*ACTIVITY:*
Give the data again in full, without pictures.

*SUPPLIED DATA:*
-.-.-

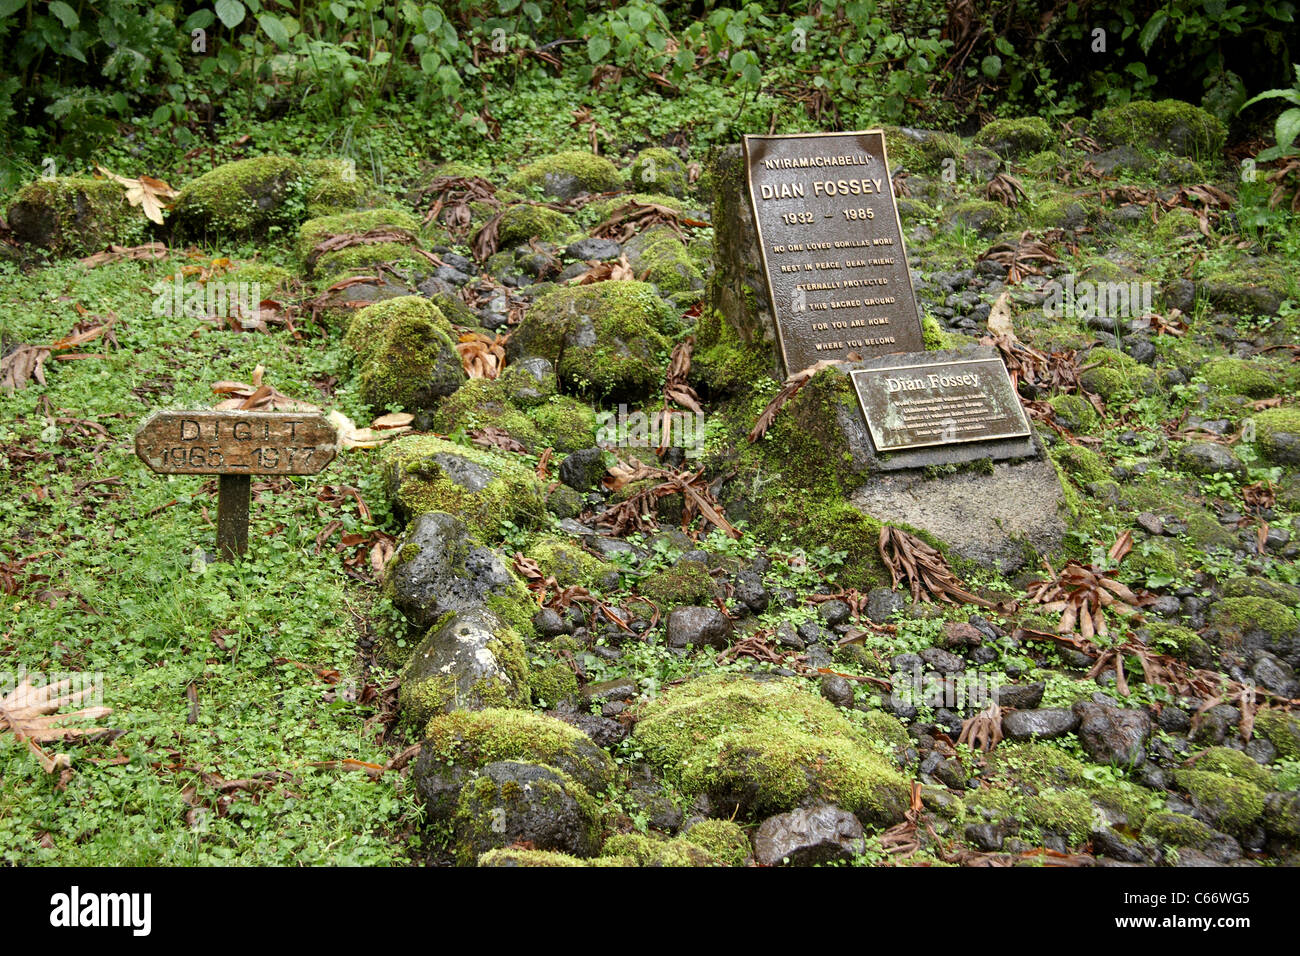 Dian fossey not movie hi-res stock photography and images - Alamy
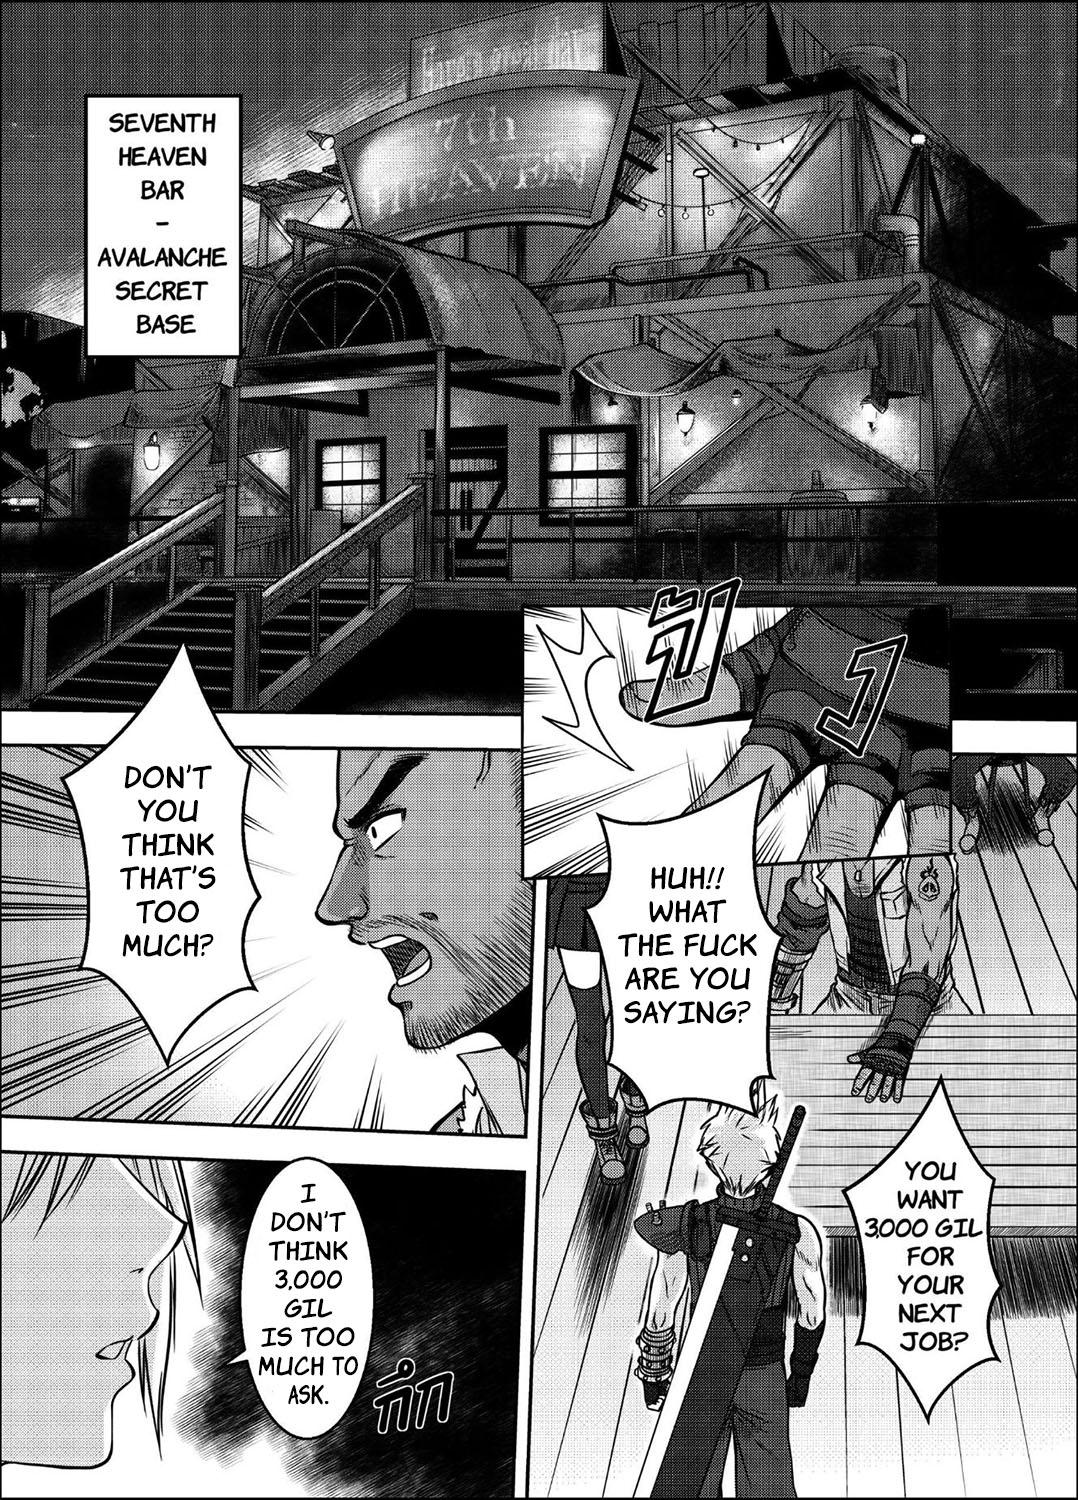 Strap On [XTER] OUR [X] PROMISE (Final Fantasy VII) [English] [XNumbers] - Final fantasy vii Bukkake - Page 5
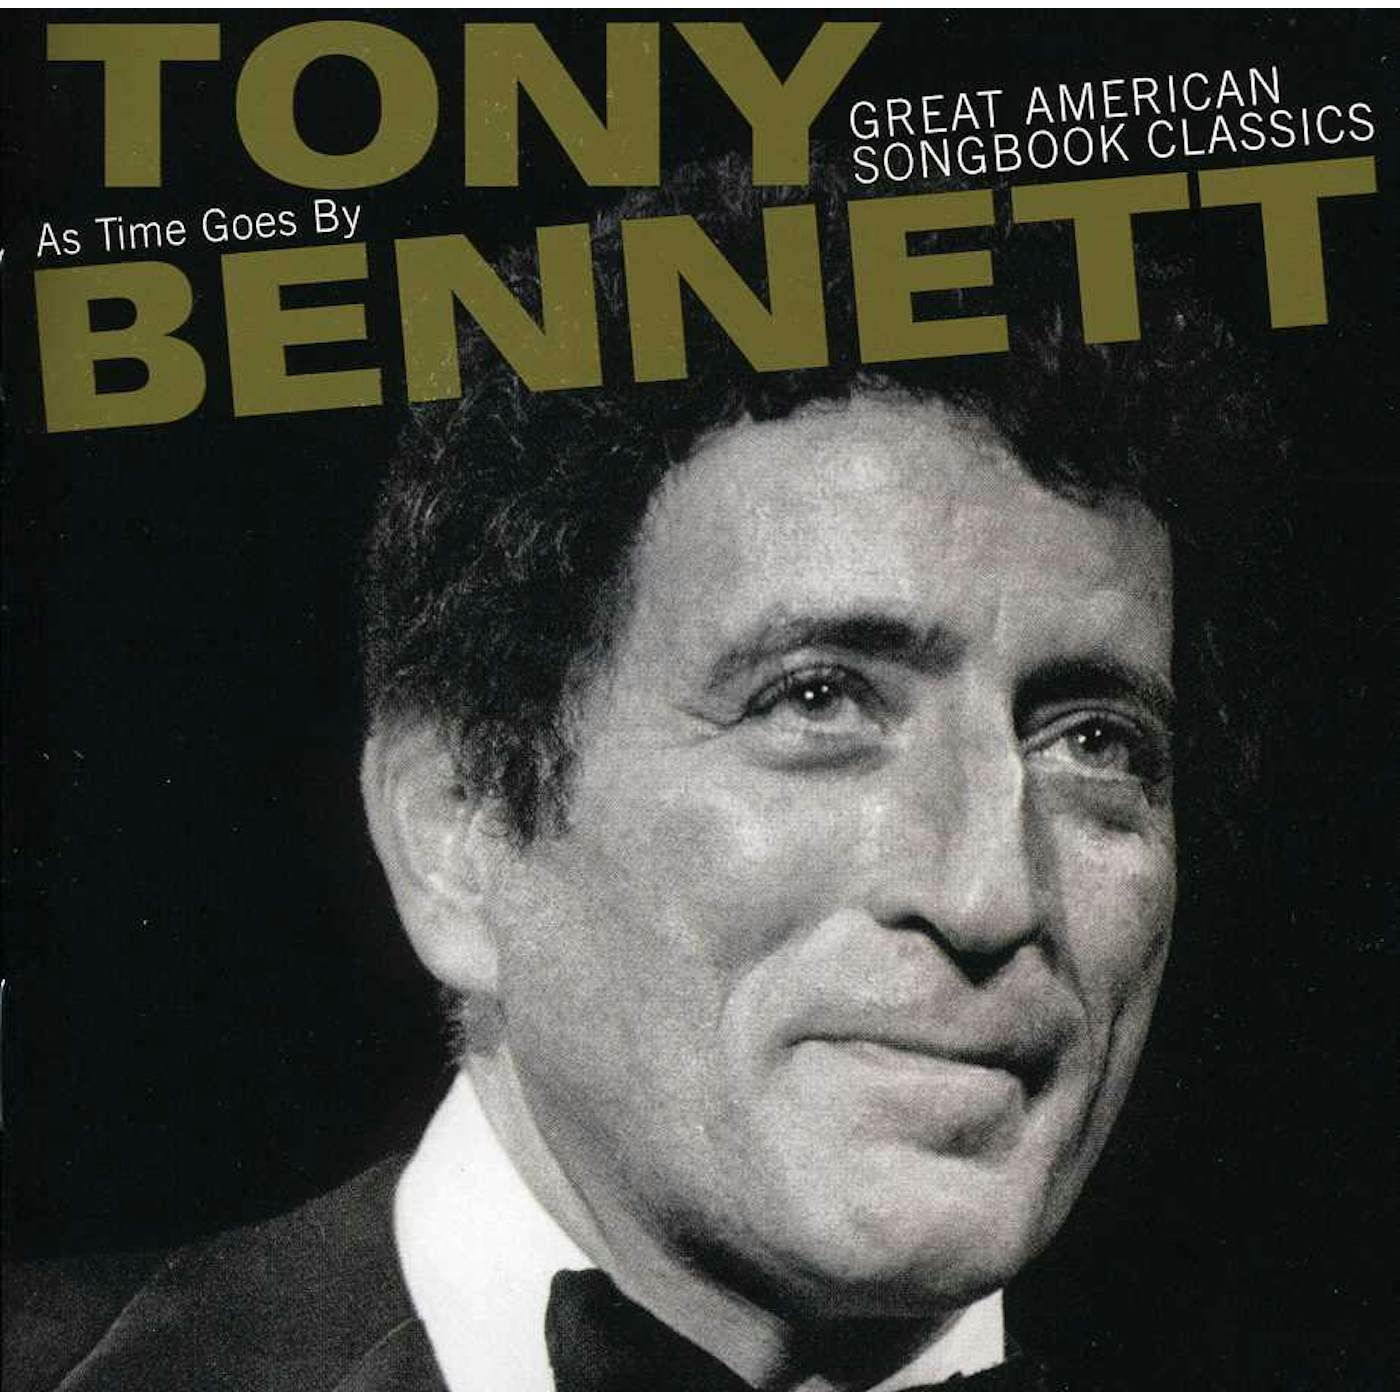 Tony Bennett AS TIME GOES BY: GREAT AMERICAN SONGBOOK CLASSICS CD

-.-.-

*REPLY TO THE TASK:*
 Dian fossey not movie hi-res stock photography and images - Alamy
 Strap On [XTER] OUR [X] PROMISE (Final Fantasy VII) [English] [XNumbers] - Final fantasy vii Bukkake - Page 5
 Tony Bennett AS TIME GOES BY: GREAT AMERICAN SONGBOOK CLASSICS CD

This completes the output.